[[ DATA IN THIS EXERCISE open ]]

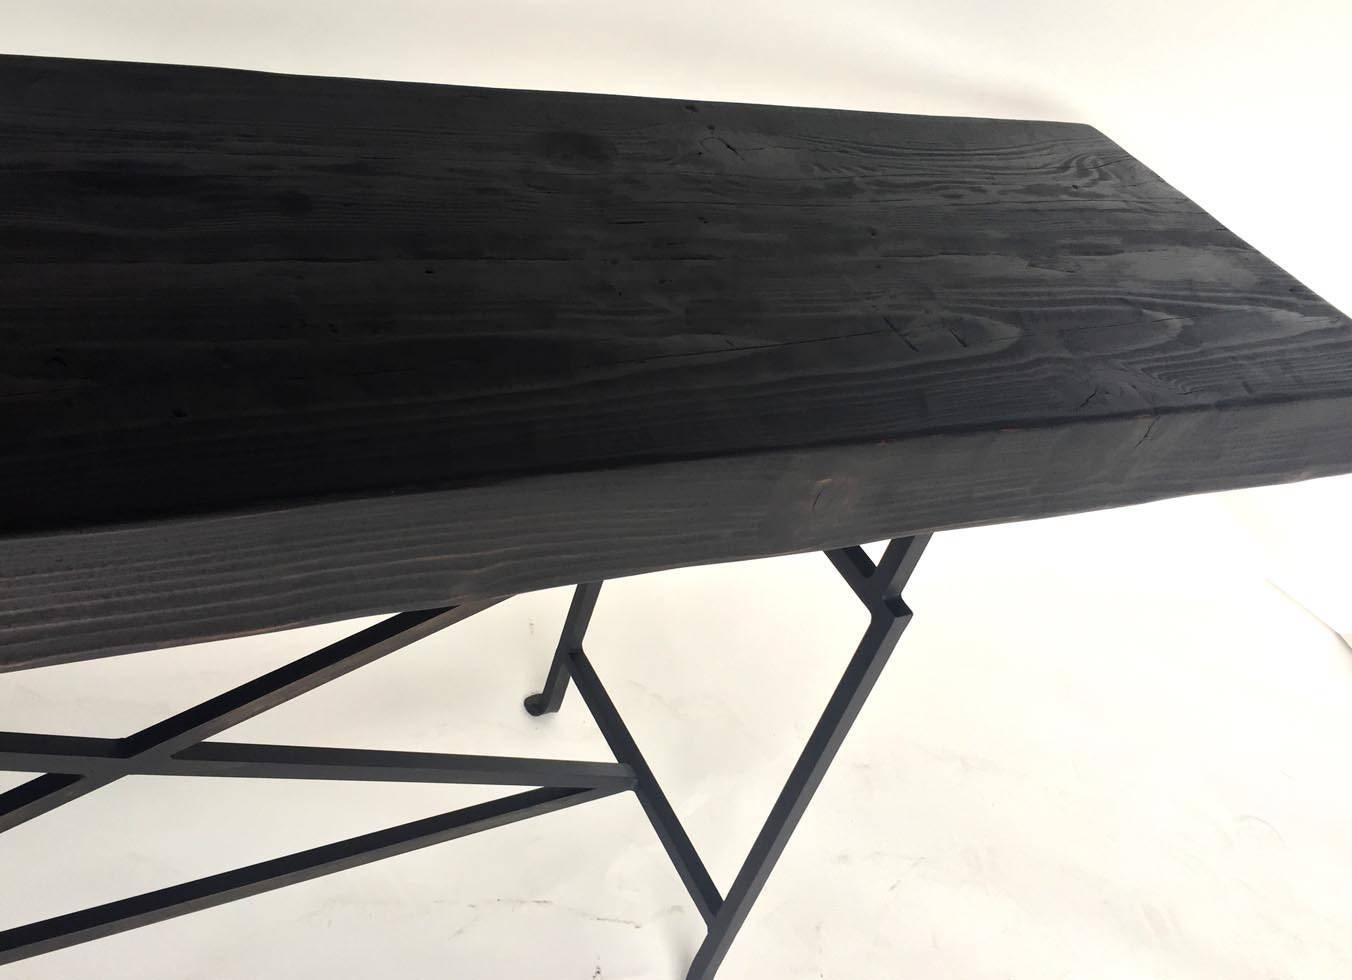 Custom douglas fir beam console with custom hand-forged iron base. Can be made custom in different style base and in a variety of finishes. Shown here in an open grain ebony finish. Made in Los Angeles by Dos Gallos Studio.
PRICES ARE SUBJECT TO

[[ DATA IN THIS EXERCISE closed ]]
[[ DATA IN THIS EXERCISE open ]]

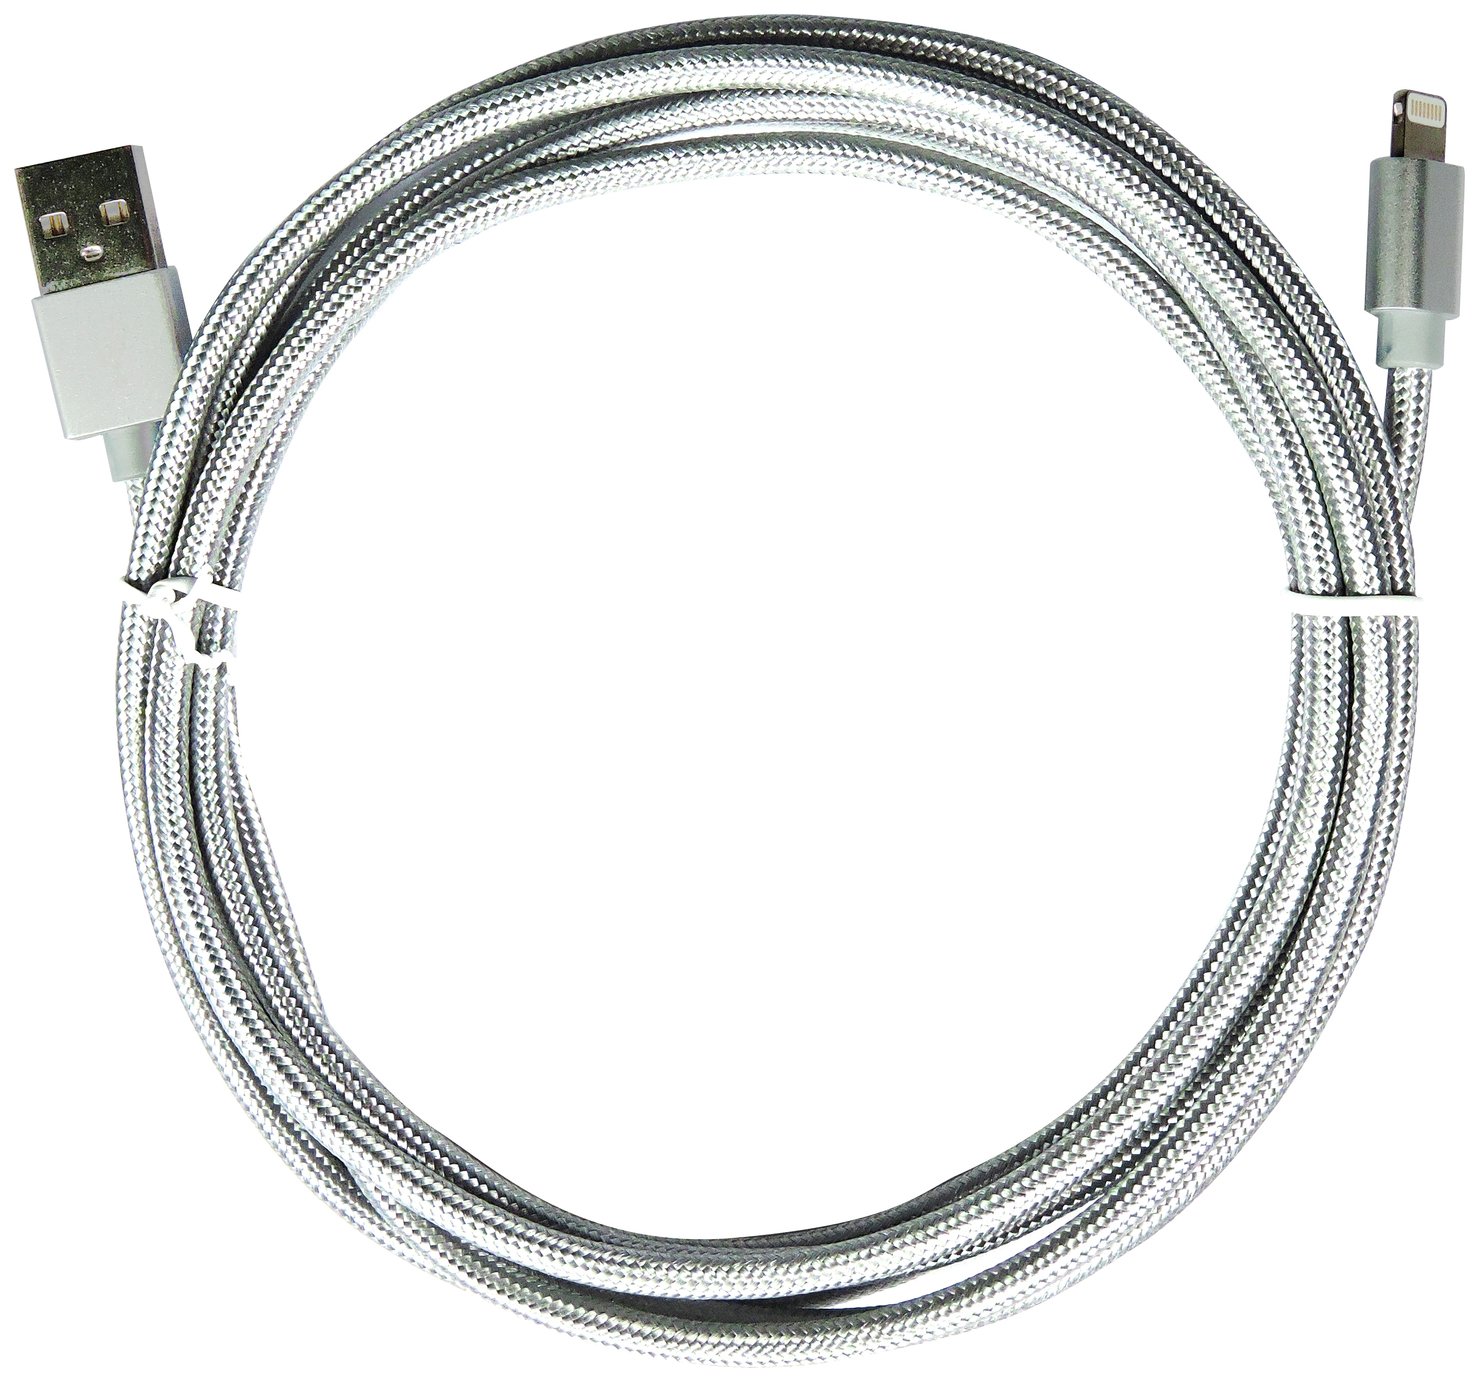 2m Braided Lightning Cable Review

[[ DATA IN THIS EXERCISE closed ]]

TASK DESCRIPTION:
While skipping the pictures, transcribe the data above from the line showing "Custom douglas fir" through the line showing "PRICES ARE SUBJECT TO", exactly and with both ends.

WRITTEN ANSWER:
 Custom douglas fir beam console with custom hand-forged iron base. Can be made custom in different style base and in a variety of finishes. Shown here in an open grain ebony finish. Made in Los Angeles by Dos Gallos Studio.
PRICES ARE SUBJECT TO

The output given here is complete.